OPEN COURTS The Sacramento Bee reports that a Woodland dentist accused of fondling more than a dozen female patients has asked a judge to bar the media from covering his trial—while a motion to close a preliminary hearing in a surprisingly similar case was granted just days ago in Riverside County.

Jury selection in the trial of Mark Anderson is scheduled to start next week in Yolo Superior Court. Opening statements are expected in mid-January.
    In the meantime, Anderson's lawyer, Michael Rothschild filed a one-sentence motion asking the court to "exclude all media from all trial proceedings, including but not limited to jury selection, opening statement and witness testimony, in this matter."
    Rothschild's motion gave no legal basis for the request.
    Constitutional law experts say the motion runs counter to the legal presumption that criminal proceedings in the United States should be open to the public.

Meanwhile the Press-Enterprise in Riverside reports that a judge closed a preliminary hearing to the public and the media Tuesday morning, siding with a defense attorney's claim that it would prevent a Hemet doctor charged with 141 counts of sexual assault and burglary from receiving a fair trial.

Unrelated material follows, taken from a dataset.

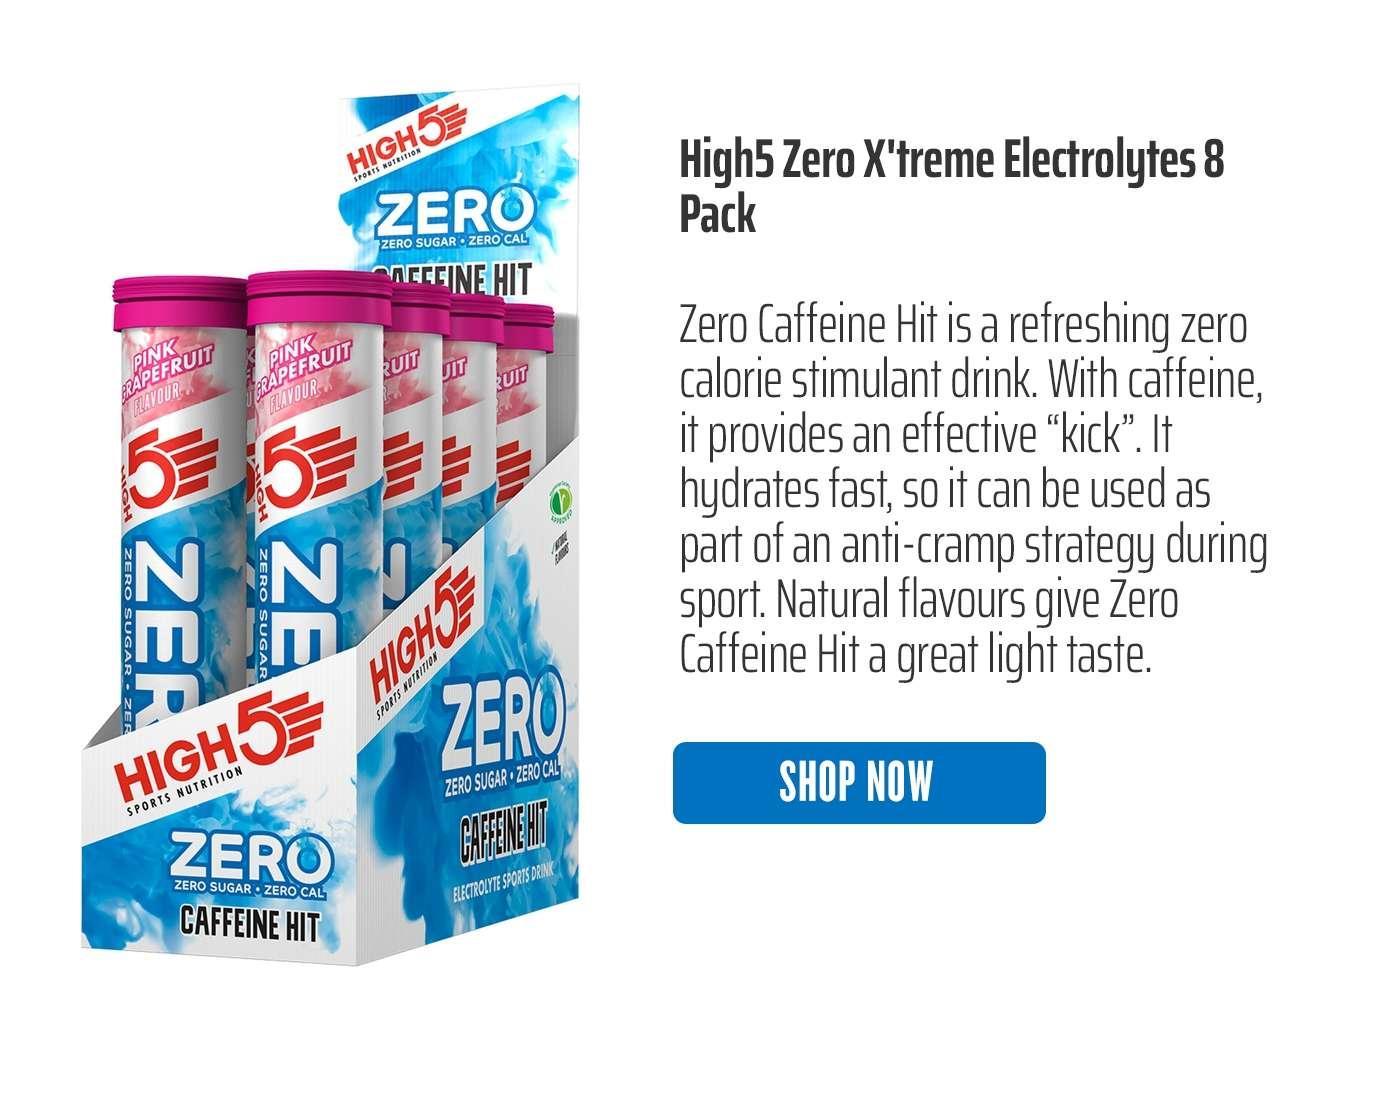 High5 Zero X'treme Electrolytes 8 Pack

Judge Paul I. Metzler, a retired Los Angeles County superior judge on special assignment, ordered that the court proceedings be closed to the public after a defense attorney argued that they may taint a prospective jury pool.
    David Joseph Mata is a Hemet doctor charged with sexually assaulting and burglarizing his patients, including young teenage girls, at his practice. He is free on $1 million bond and still practicing medicine under a chaperone.

Mata was ordered Wednesday to stand trial after a detective testified in the one-day hearing that the doctor admitted he may have acted inappropriately on occasion.